La promesse de salaire élevée “va surtout attirer des personnes appâtées par l’argent, ce qui n’en fera pas forcément les recrues les plus motivées face à des soldats ukrainiens qui se battent pour défendre leur pays”, analyse Jeff Hawn.
C’est pourquoi Moscou a fait venir, ces dernières semaines, des soldats des régions géorgiennes pro-Russes d’Ossétie du Sud et d’Abkhazie, de Syrie ou de Tchétchénie. “C’est un pansement temporaire qui ne va pas suffire à régler les problèmes d’effectif à plus long terme”, assure Nicolo Fasola. “C’est loin d’être suffisant pour combler les besoins, et ce sont des troupes qui vont devoir apprendre à s’intégrer à la chaîne de commandement mise en place en Ukraine”, ajoute Rod Thornton.
Il reste à Vladimir Poutine une dernière solution : la mobilisation générale. Tous les experts interrogés estiment que le président russe ne s’y résoudra qu’en dernier recours. Il faudrait, en effet, qu’il reconnaisse que “l’opération spéciale” menée en Ukraine est une guerre “car sinon, la mobilisation générale serait illégale”, souligne Rod Thornton. Un pas que Vladimir Poutine ne veut pas franchir car “ce serait politiquement très coûteux pour lui”, assure Nicolo Fasola.
Le temps joue donc en faveur des Ukrainiens puisque l’avantage quantitatif russe va continuer à s’atténuer tant que Moscou ne trouvera pas un moyen de renforcer son front sans décréter une mobilisation générale. Mais ce n’est pas forcément un avantage qui mènera Kiev à la victoire finale. Le scénario le plus probable, d’après Rod Thornton, est “que les forces russes décident de passer en mode défensif pour camper sur leurs positions”.

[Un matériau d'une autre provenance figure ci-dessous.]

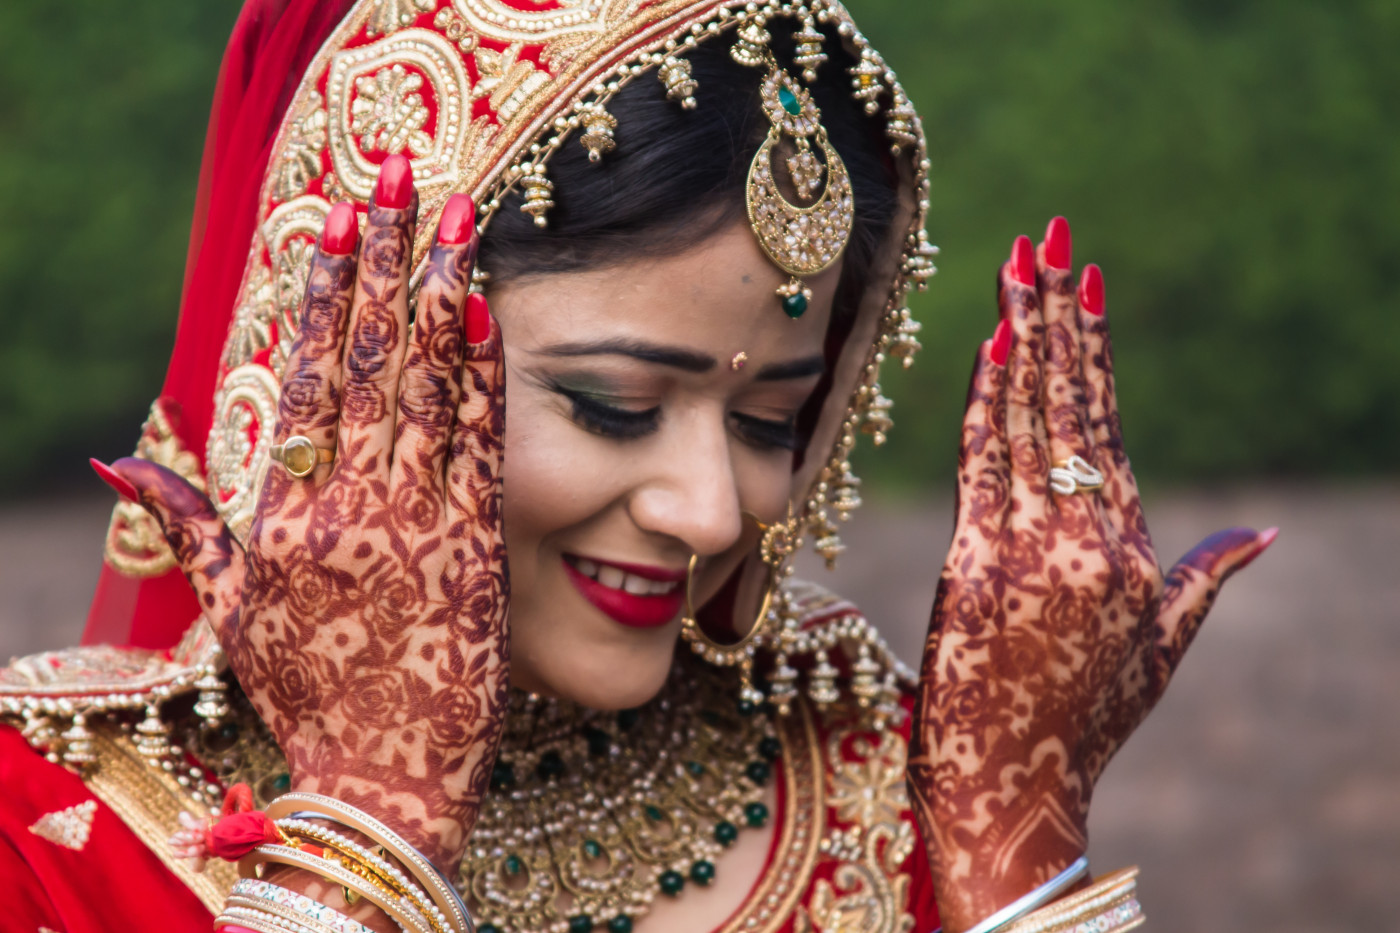 Indian Bridal Images - Free Download on Freepik

Le Donbass se transformerait alors en une sorte de zone de conflit sans fin à l’horizon car “les Ukrainiens n’ont pas les moyens offensifs de déloger les Russes sauf à recevoir des armes plus puissantes de pays occidentaux”, affirme le chercheur du King’s College de Londres. Et c’est une option qui n’enchante guère l’Otan, soucieux de ne pas apparaître comme un cobelligérant de ce qui aurait alors de plus en plus une allure de troisième guerre mondiale.